Prognostic signatures in breast cancer: correlation does not imply causation

Breast Cancer Research201214:313

DOI: 10.1186/bcr3173

Published: 19 June 2012


Testing the statistical associations between microarray-based gene expression signatures and patient outcome has become a popular approach to infer biological and clinical significance of laboratory observations. Venet and colleagues recently demonstrated that the majority of randomly generated gene signatures are significantly associated with outcome of breast cancer patients, and that this association stems from the fact that a large proportion of the transcriptome is significantly correlated with proliferation, a strong predictor of outcome in breast cancer patients. These findings demonstrate that a statistical association between a gene signature and disease outcome does not necessarily imply biological significance.

Breast cancer encompasses a plethora of distinct diseases characterised by different biological features and clinical outcomes [13]. Microarray-based gene expression profiling studies have played a pivotal role in unravelling the molecular and clinical diversity of the disease (for a review see [3]). These studies led to the development of a molecular classification of breast cancer [4], where the different molecular subtypes identified were found to be associated with distinct clinical outcomes [5, 6], and to the development of numerous multigene predictors (that is, gene signatures) of outcome, which were initially reported to outperform the current clinicopathological algorithms to define the prognosis of breast cancer patients [7, 8] (reviewed in [3, 9]).
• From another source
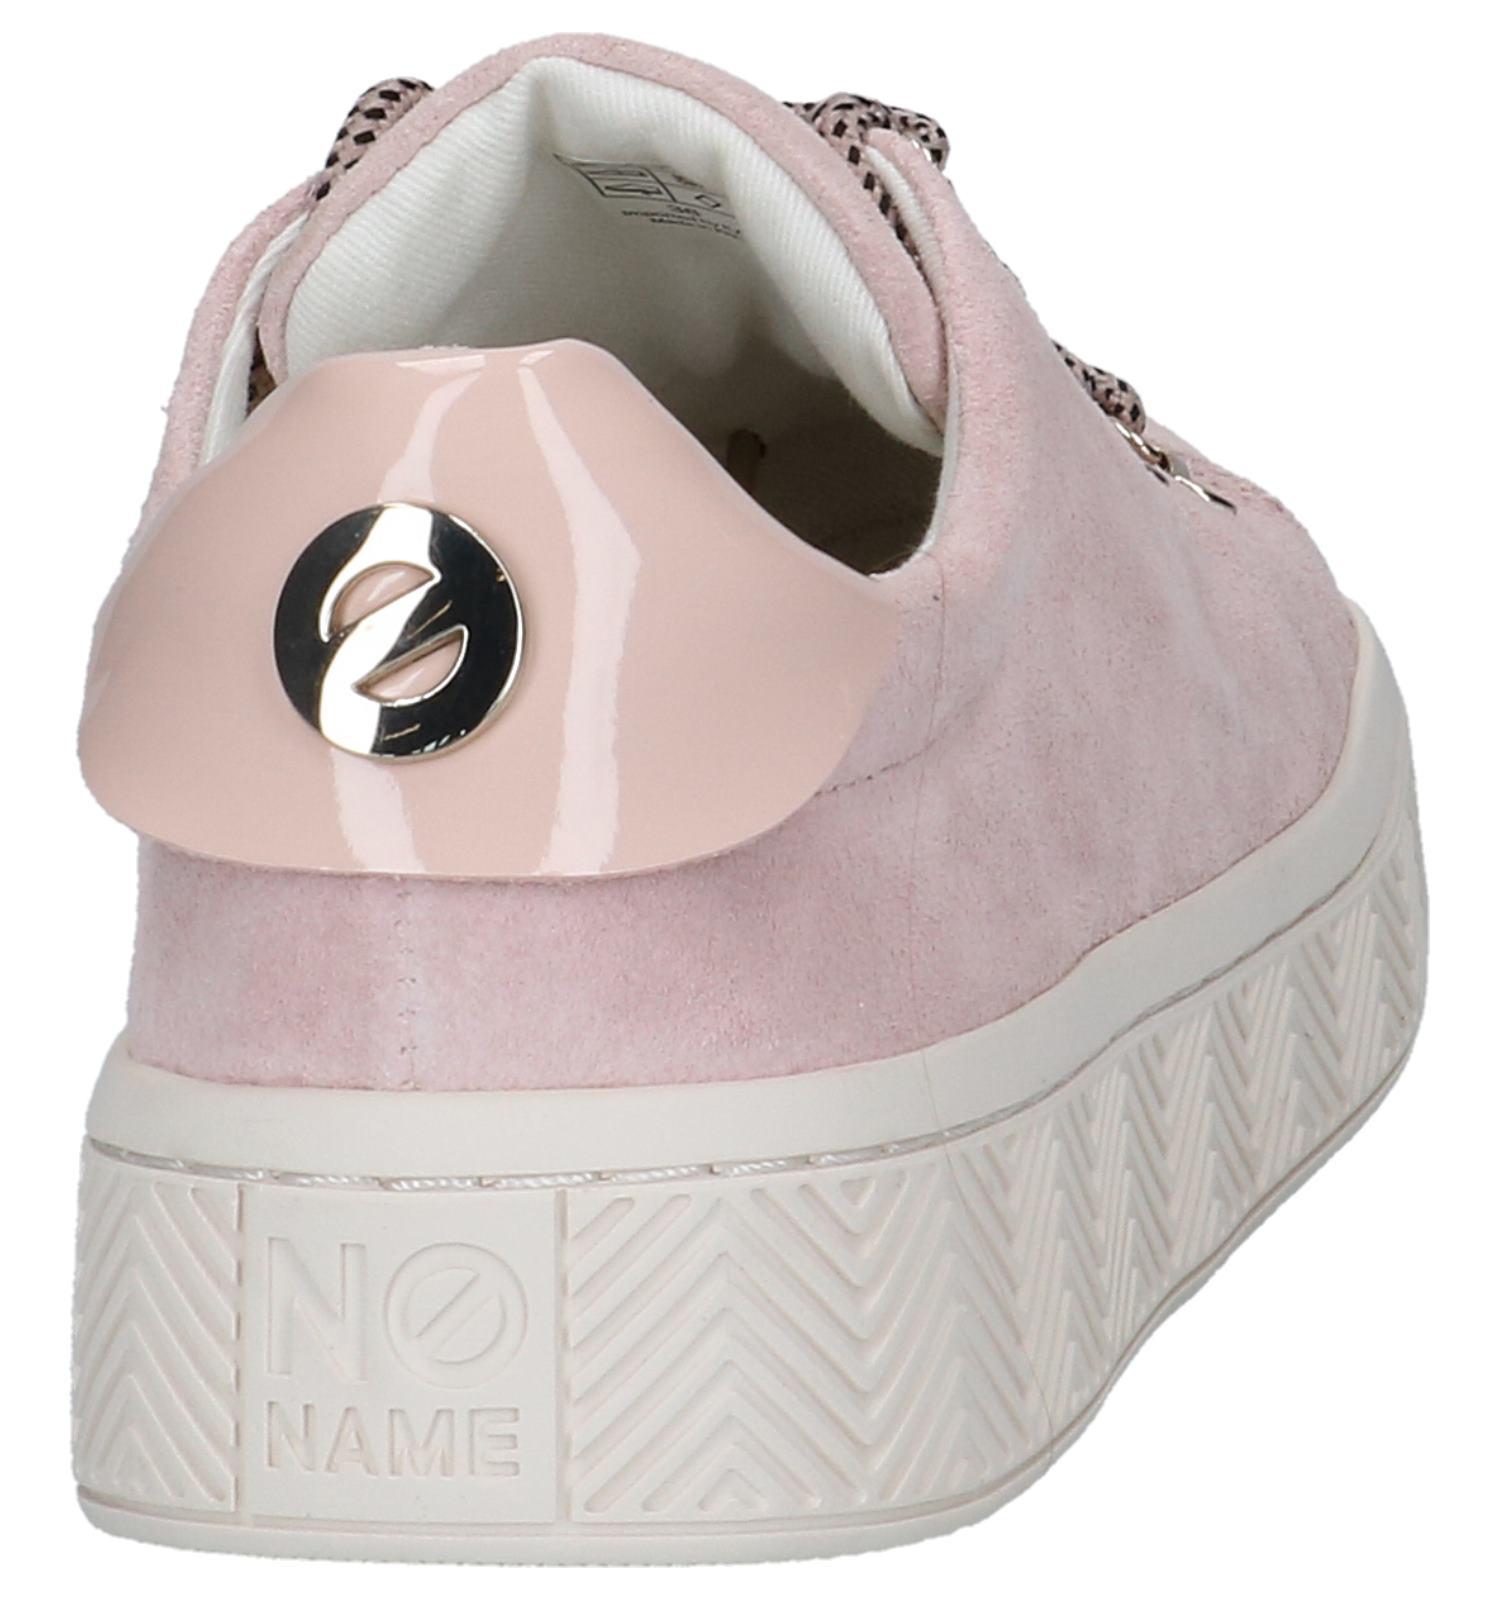 No Licht Sneakers Name Roze Ginger uTFK35Jl1c

Microarrays have also played a pivotal role in addressing one of the major bottlenecks in translational research: ascribing relevance in the human disease context of results obtained from in vitro studies and animal models. The availability of multiple gene expression datasets with patient follow-up in the public domain allowed the investigation of whether a microarray-based signature derived from a set of laboratory experiments would have biological significance. For instance, a signature derived from tumour-initiating breast cancer cells was shown to be of prognostic significance in a publicly available microarray dataset, and this was used as the basis to suggest that the tumourigenic breast cancer cell signature 'may detect transcriptional profiles associated with mutations that arrest cells in an immature state of differentiation and function as markers of more aggressive tumors' [10].

In their recent paper [11], Venet and colleagues made the intriguing observation that gene signatures developed to identify phenomena completely unrelated to cancer - such as the effect of postprandial laughter on peripheral blood mononuclear cells, the localisation of skin fibro-blasts or social defeat obtained from mice brains - were significantly associated with outcome in a cohort of 295 breast cancer patients of the Netherlands Cancer Institute (NKI-295) [8]. In addition, it was also shown that, out of 1,890 gene signatures deposited in the Molecular Signatures Database, 67% were associated with breast cancer outcome at P <0.05, and 23% were associated at P <10−5. The large number of signatures significantly associated with outcome may be due to the enrichment of the Molecular Signatures Database with cancer-related signatures; hence the authors generated for each Molecular Signatures Database signature a signature of identical size but composed of randomly selected genes. Strikingly, out of these randomly derived signatures, 77% were associated with outcome at P <0.05 and 30% were associated at P <10−5. Furthermore, the authors went on to show that only 18 of the 47 published prognostic signatures that were either derived for the purpose of finding better prognostic tools or, in most cases, were used to suggest biological relevance of laboratory findings performed statistically better than the best 5% of random gene signatures of the same size [11].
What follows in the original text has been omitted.